Introduction: As we all know, data lake technology is very hot in the field of big data. With its wide deployment and application in cloud, its business value has gradually gained consensus in the industry. How to build data lake architecture quickly is discussed by more and more enterprises. This paper mainly shares the architecture and practice of rapid construction of cloud native enterprise-level data lake.
Wang Zhen, technical expert of open source big data platform of Alibaba Cloud Computing Platform Division
This article is based on Meetup#0821, 2021 open source big data technology online
Live playback links: developer.aliyun.com/live/247227
Content framework:
- background
- How do I use the DLF data lake
- Field demonstration
I. Background introduction
What is a data lake
Data lake: Stores various types of data in a regular form
- Structured data (Orc, Parquet)
- Semi-structured data (Json, Xml)
- Unstructured data (images, videos)
Why a data lake
1. Further expansion of data scale
- Big data storage requires governance
- Data governance needs to clarify data dependencies
- Users need to know the total cost of big Data (TCO)
2. Diversified data sources
- Transaction data (MySQL, SqlServer)
- Search data (SOLR)
- Batch data (SPARK, HIVE)
3. Diversified data formats
- Parquet / Orc / Avro / Csv / Json / Text
4. Diversified data analysis scenarios
- Semantic – based search analysis
- Random/near real time OLAP analysis
5. Diversified users of data analysis
- Analysis of user role diversification (development/testing/data /BI)

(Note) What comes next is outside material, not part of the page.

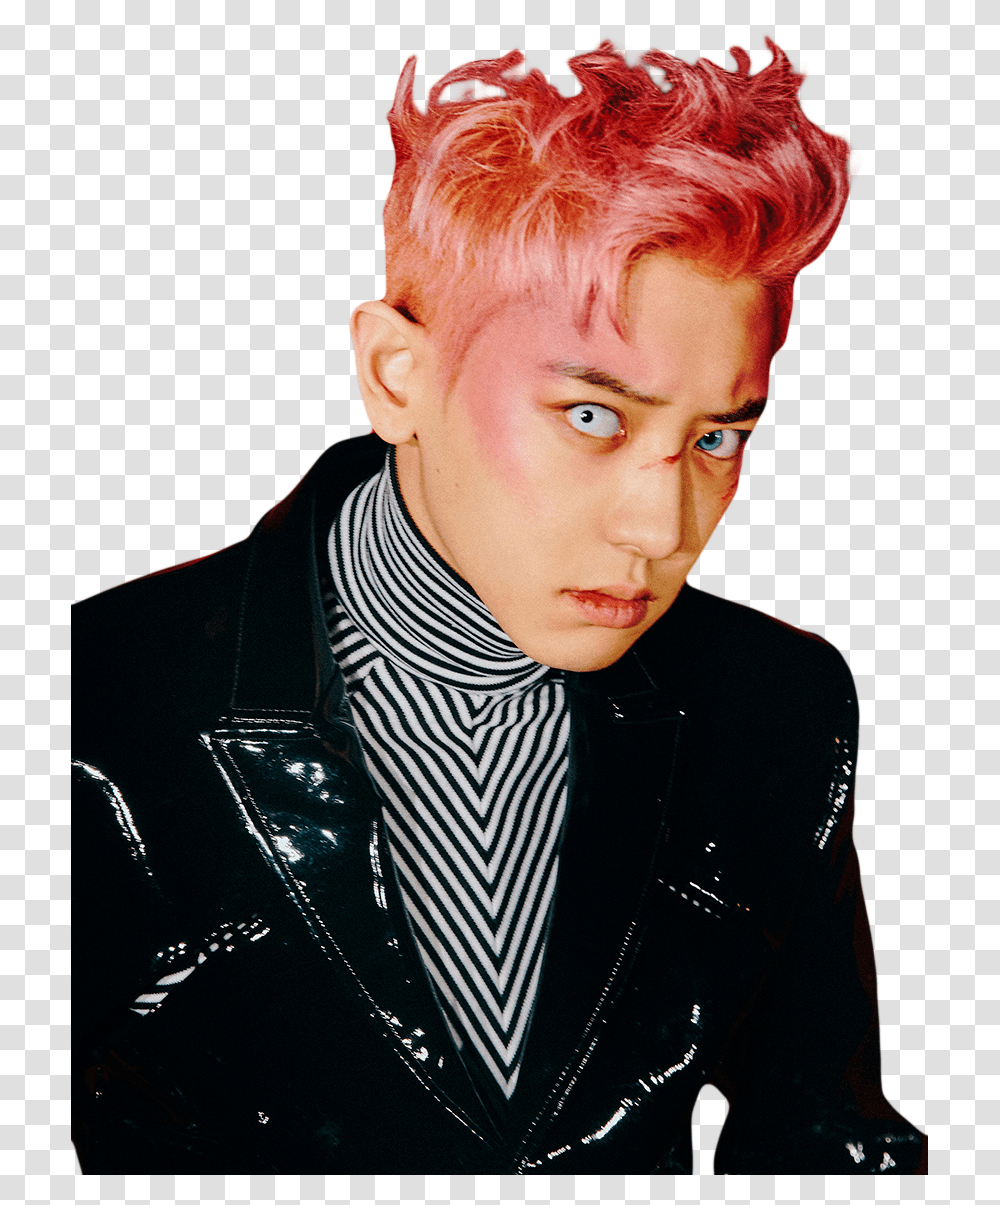 Parkchanyeol Chanyeol Exo Exochanyeol Chanyeolexo Chanyeol Obsession Era, Person, Face, Jacket Transparent Png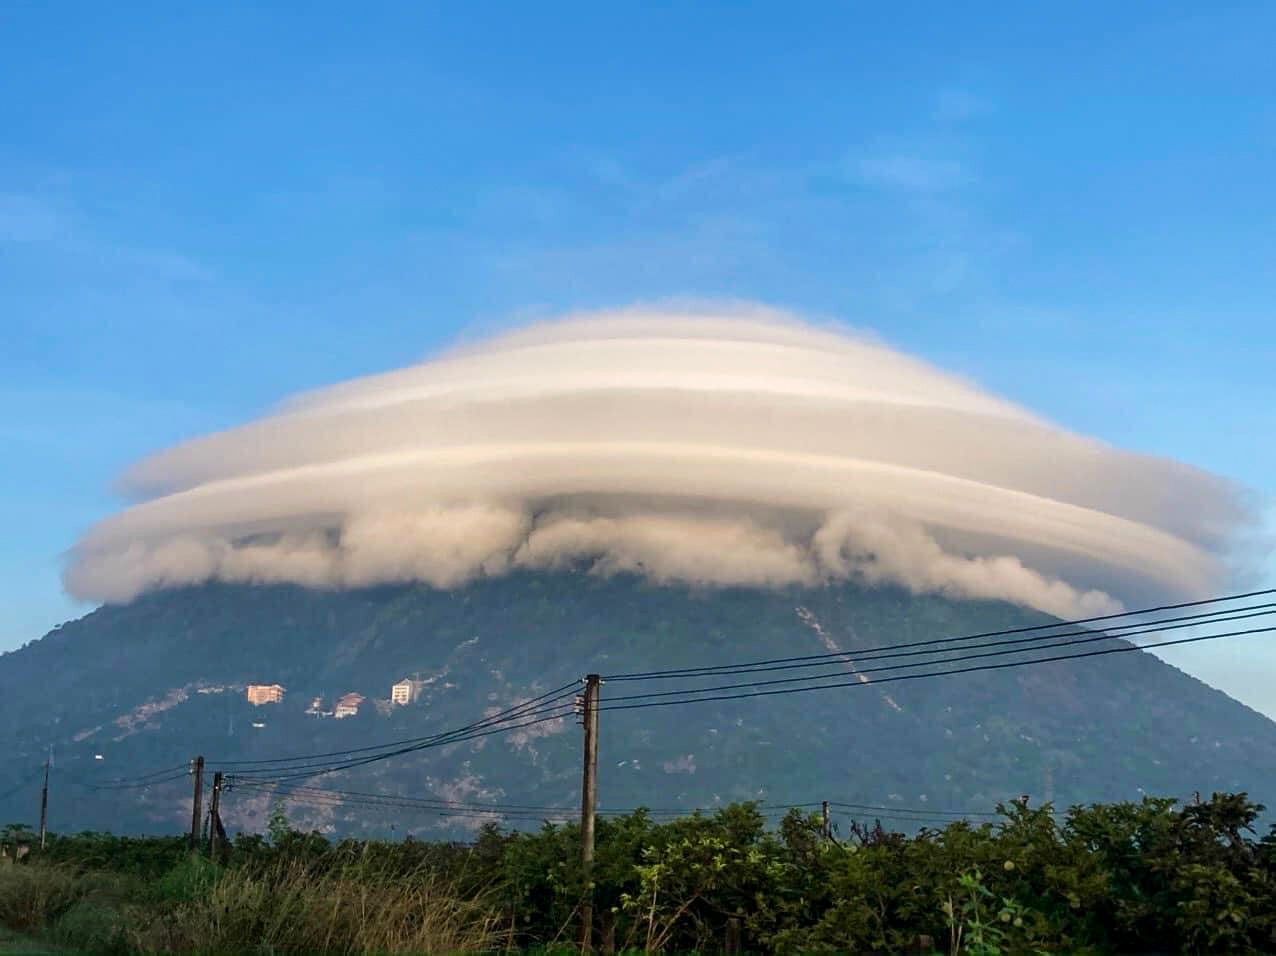 UFO-shaped clouds form over southern Vietnam mountain

- User data access compliance control requirements
What can a data lake do
1. Further expand the scale of data
- Data Lake provides data blood service
- Data Lake provides [data governance] services
- The data lake helps users understand the overall cost of big data
2. Diversify data sources
- DLF provides unified metadata services
• Resolve multi-engine metadata consistency issues
• Address metadata usage and maintenance costs
3. Diversify data formats
- DLF provides data into lake/metadata crawl services
• Support MYSQL/KAFKA into the lake, metadata crawl
• Support offline/real-time access to the lake to meet the requirements of different business timeliness
• Supports data lake formats such as DELTA/HUDI
4. Diversified data analysis scenarios
- DLF provides unified Metadata Service
• Switch between MC/EMR/DDI engines
• Data exploration is consistent across engines
5. Diversified users for data analysis
- Data lake provides access control services
• Centralized authorization of data access in multiple engines/avoid repeated authorization
• Resolve multi-user data access compliance issues
- Data lake provides access log audit service
• Resolve compliance review issues with user data access
How to use DLF data lake
Data into the lake
1. A large number of heterogeneous external data sources [data into the lake] services
- Full import: Batch import
- Incremental import: Real-time incremental import of outflow into the lake
2. A large number of existing Hadoop ecological data [metadata crawl] services
- Import data to data lake OSS for storage
- Metadata crawl Extracts the original data schema
Data query
The Data Lake unified Metadata service supports multiple engine queries
- SPARK is used to explore the incoming lake data
- Use MAXCOMPUTE for deep complex processing of data
- Explore the data using the Databricks DDI dedicated cluster
- More engine support in…
Data governance
1. Control data access with access Control service
- Access permissions are set at the library/table/column level
- Unified metadata that needs to be set up only once
Second, use [Data Governance] service to clarify the total cost of big data
- Daily/weekly/monthly storage usage – Timely release of obsolete large storage files
- Calculation usage at the daily/weekly/monthly level – Timely identification of abnormal calculations on data
Three, practical operation demonstration
Data lakes build DLF experience links: dlf.console.aliyun.com/
The original link
This article is the original content of Aliyun and shall not be reproduced without permission.